Stocks opened higher as traders shrugged off a huge drop in payrolls and banks soared.
U.S. employers shaved 598,000 jobsfrom nonfarm payrolls last month, the most since 1974 and roughly 75,000 more than expected. At the same time, the unemployment rate shot up to 7.6 percent.
Payrolls for all of 2008 were were revised to show 3 million jobs were lost, 400,000 more than expected.
This comes a day after a report showed weekly claims for first-time unemployment benefit rose above 600,000.
Futures briefly dipped after the January jobs report but then quickly rebounded. The buzz on the trading floor was that the number may have increased because of model adjusting, prompting some traders to discount the numbers as not completely real.
"Everybody's going to start to focus on Monday now — what does the Geithner program look like and also what will the final fiscal program actually — stimulus program — turn out to be," Art Cashin, director of floor operations at UBS, told CNBC.
He added that the market has been so down, down, down that the tide may be about to shift.
"There is a massive bear-market rally building and I think it may occur shortly — maybe before St. Patrick's Day," Cashin said.
Bank of America shot up more than 15 percent after prominent analyst Dick Bove issued a note saying the current fears about the bank failing and being nationalized "make no sense whatsoever ... this bank is cash flow positive. It is not in danger of failure. Plus, the United States is now committed to keep it in business ... Plus, for the record, I have always believed and continue to believe that Ken Lewis may be the best operating manager of any bank in the United States. Moreover, I continue to think that this company has $5 per share in earnings power."
That made banks the workhorses of today's rally, with Bank of America far and away the top gainer on the Dow, followed by Citigroup and JPMorgan .
Banks also got a boost from anticipation of the government's massive stimulus plan and the plan for banks.
The Senate will resume negotiations over the now $937 billion stimulus plan today, with a vote possible between 5 and 7 p.m. ET. And Monday, Treasury Secretary Tim Geithner is expected to announce the bank plan.
Mohamed El-Erian, co-CEO of the Pimco bond fund, told CNBC that the government is going to have to deliver some "shock and awe."
"You need a shock-and-awe approach to the banking balance sheets," El-Erian, whose firm operates the world's largest bond fund, said on CNBC. "You cannot do this through multiple rounds because people lose confidence."
But Hartford Financial tumbled more than 20 percent after the bank posted a surprise loss— 72 cents a share, compared with an expected profit of $1.30 a share — and slashed its quarterly dividend from five cents to 32 cents. The bank also delivered 2009 earnings guidance well below analysts' projections.
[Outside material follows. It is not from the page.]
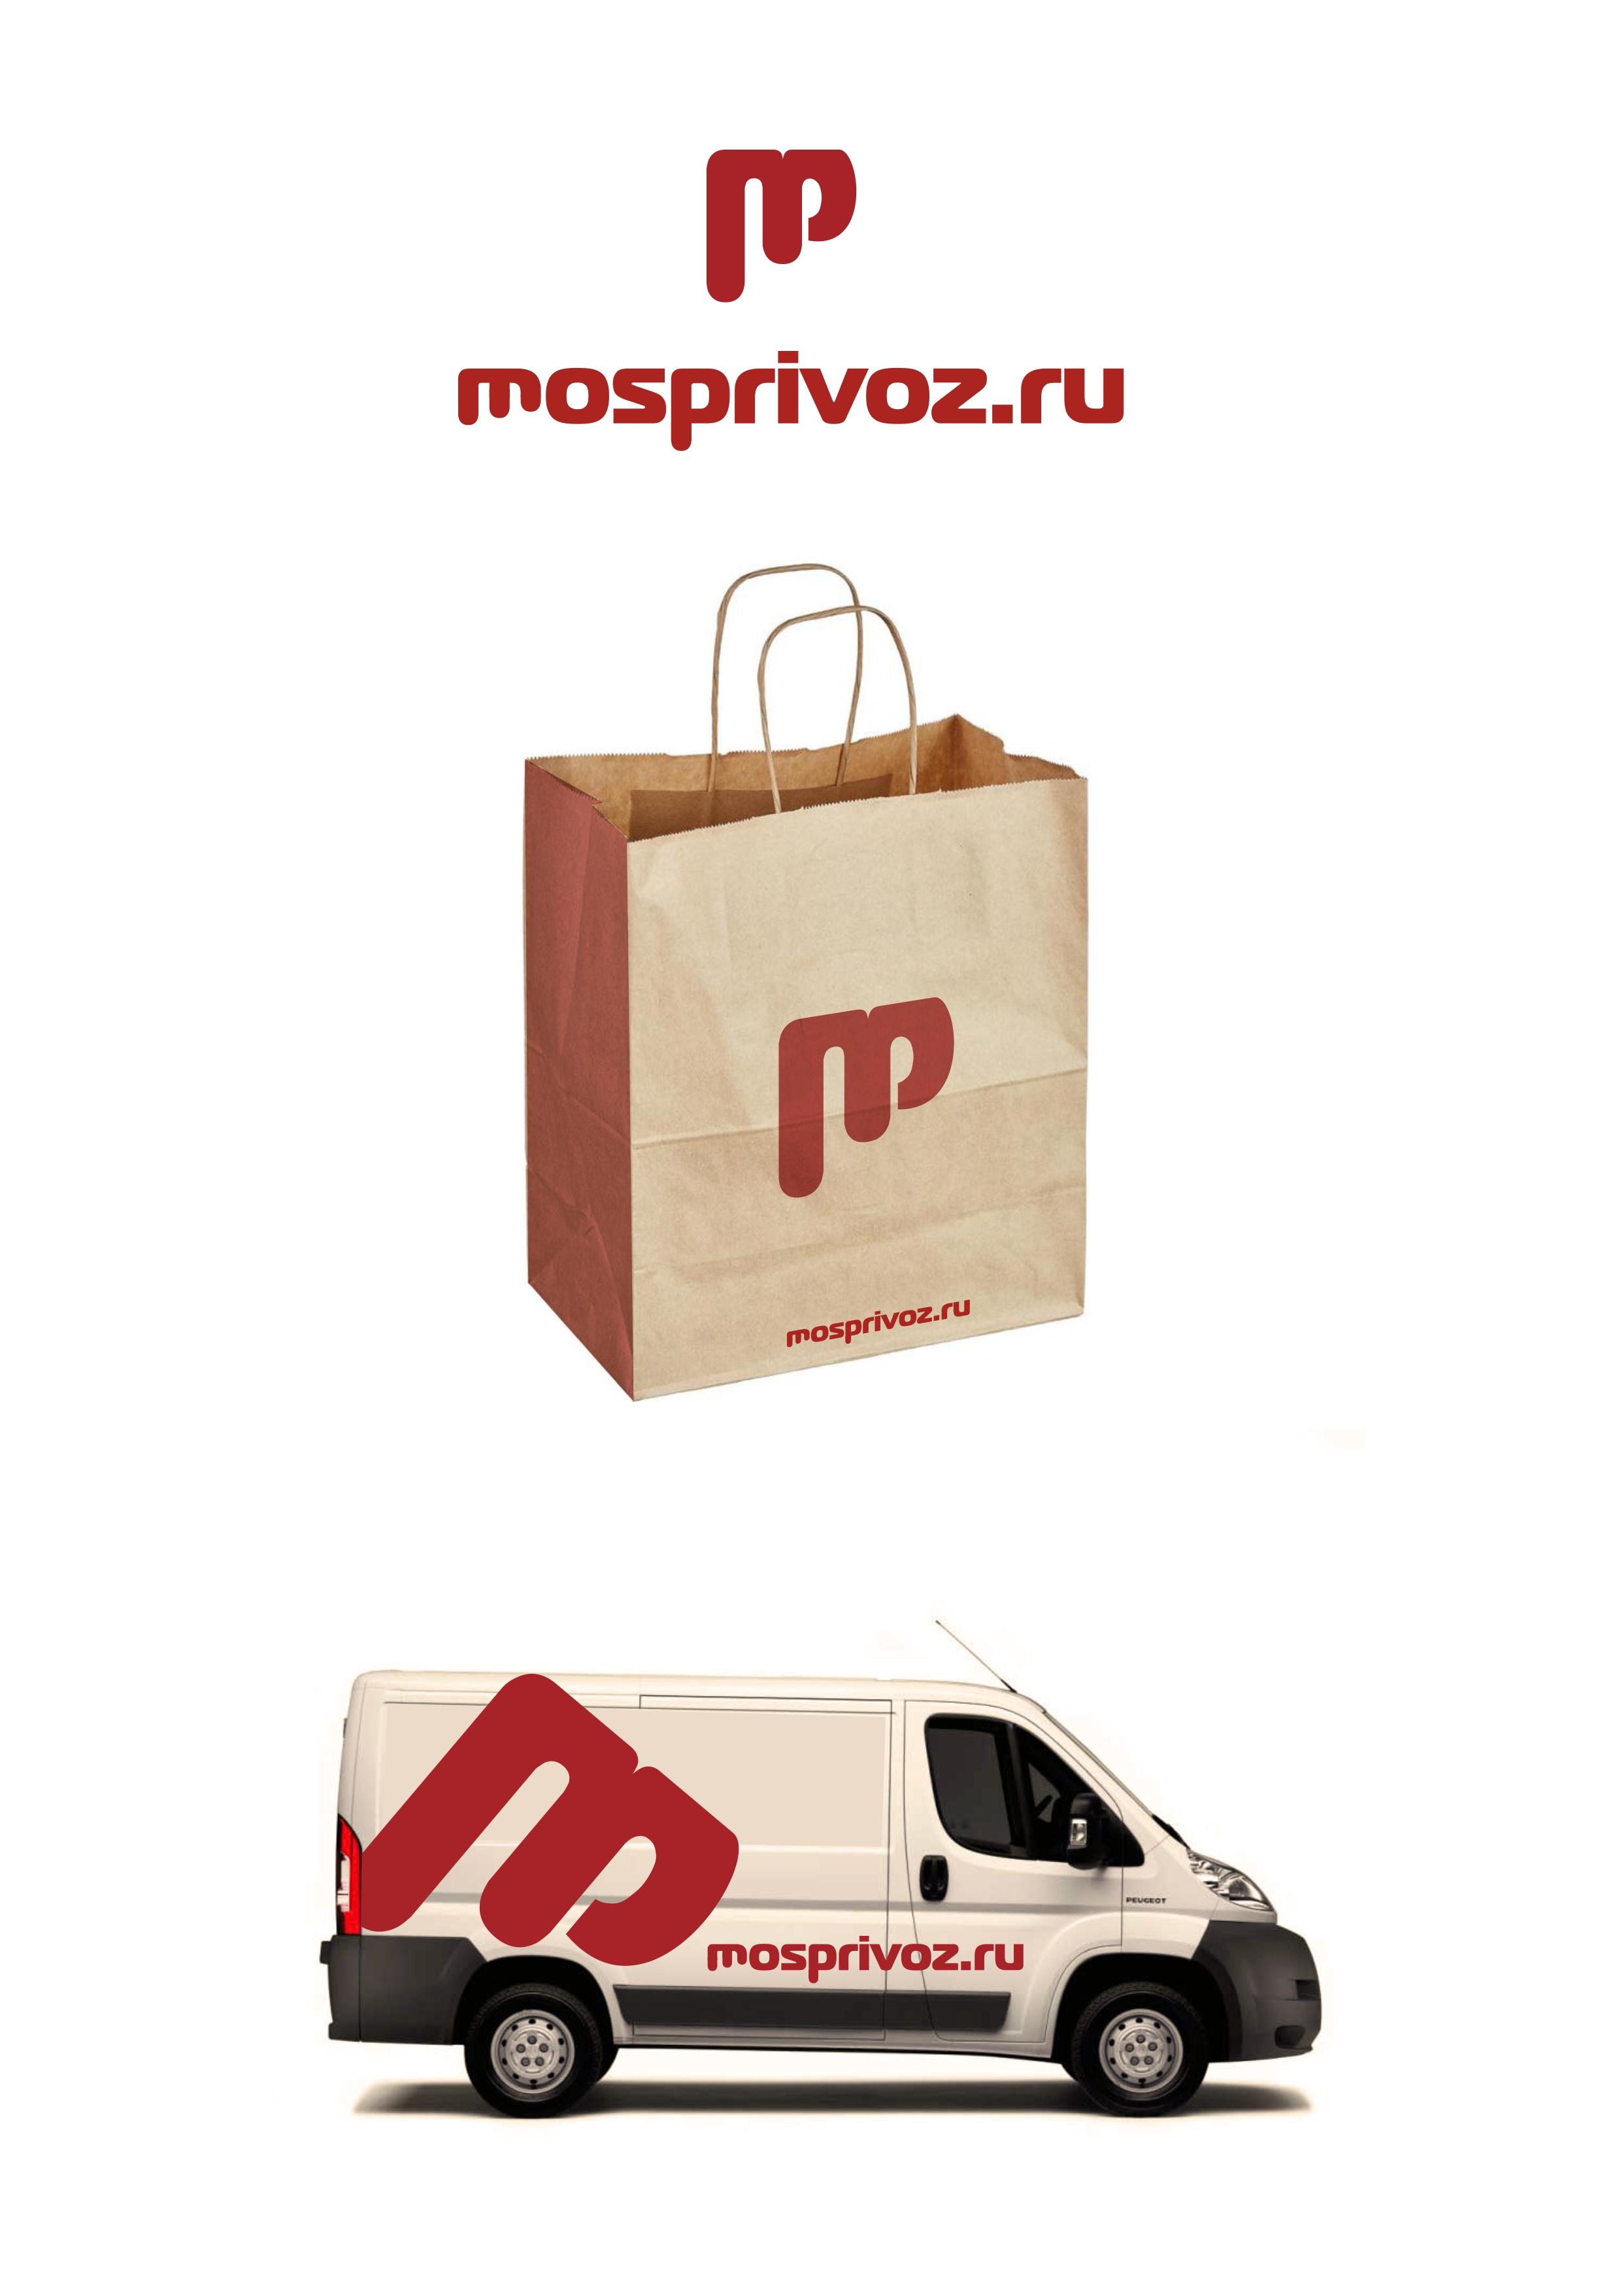 Логотип. Интернет - магазин по доставке продуктов питания. фото f_6565ad6e10164945.jpg
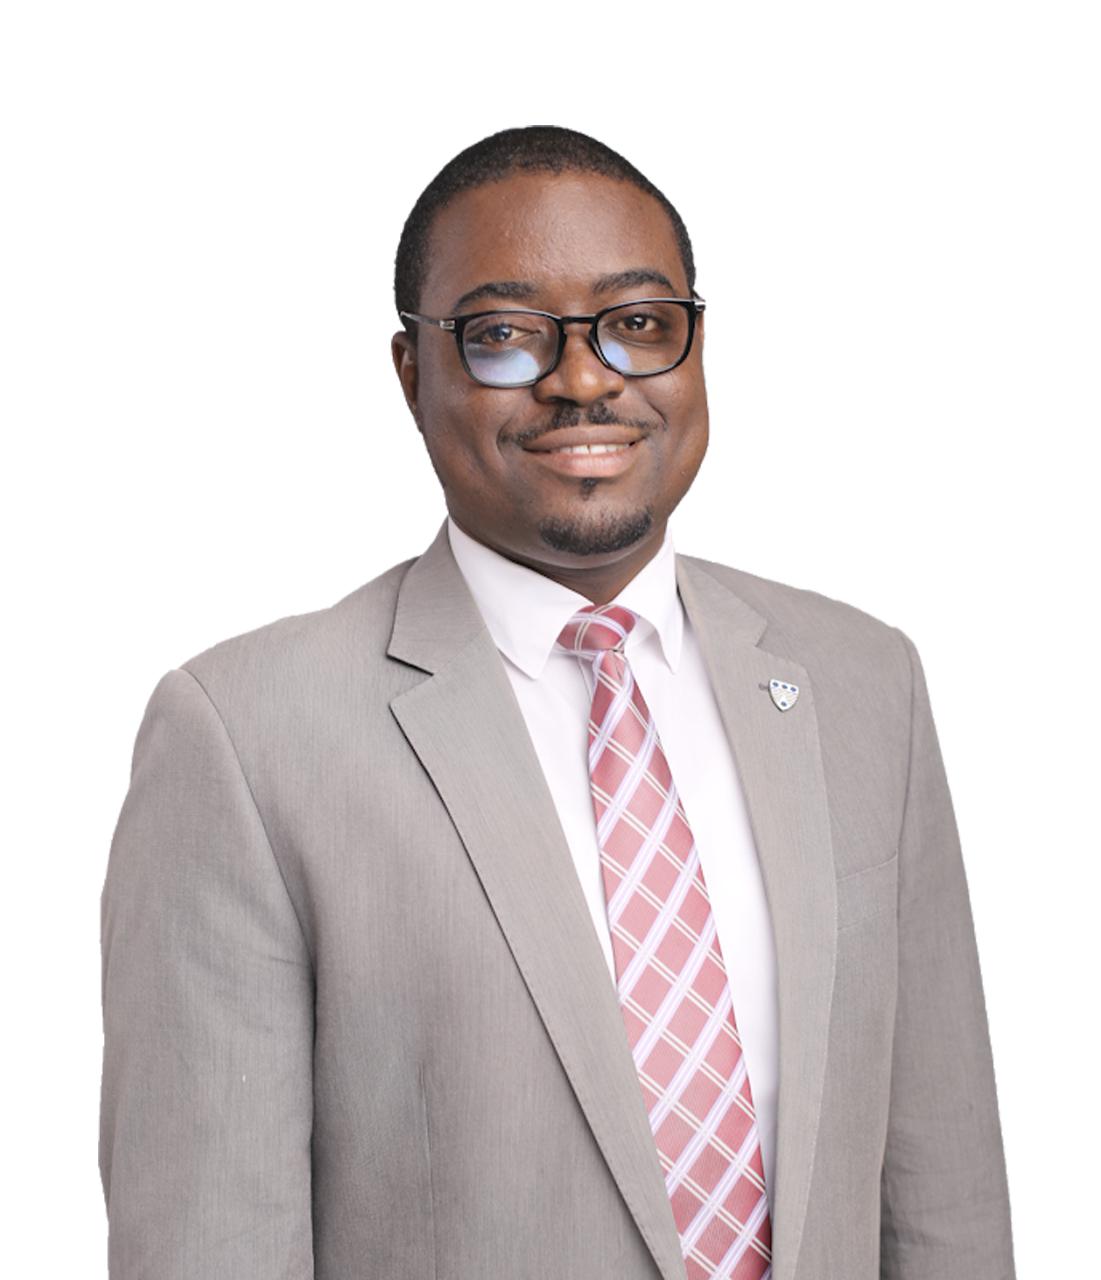 Mr. Anthony Okoeguale

General Electric rose 2 percent, even as one analyst said if the conglomerate loses its triple-A rating, its dividend may be next on the chopping block. (GE is the parent of CNBC.)
In fact, all 30 Dow stocks were positiveFriday.
International big-name earnings were mostly disappointing.
Toyota Motor said it was heading for its first annual net loss since 1950. A sharp drop in auto sales combined with a plunging yen to contribute to the company's difficult 2008, which the company said will end with a $3.85 billion loss.
And British Airways swung to a $100 million loss, citing the economy.
Across the globe, Asian markets finished the session mostly higher, while European indexes hovered around the unchanged mark.
Oil prices continued to drop, with US light, sweet crude dropping more than $1 to around $40 a barrel.
As traders cheered the banks and shrugged off the bad economic news, another whiff of scandal was brewing.
On Thursday, whistleblower Harry Markopolos, whose warnings about the Bernard Madoff scandal fell on deaf ears at the Securities and Exchange Commission for years, has provided the SEC's Inspector General with new information about an alleged "mini-Madoff" fraud that is still underway, CNBC has learned.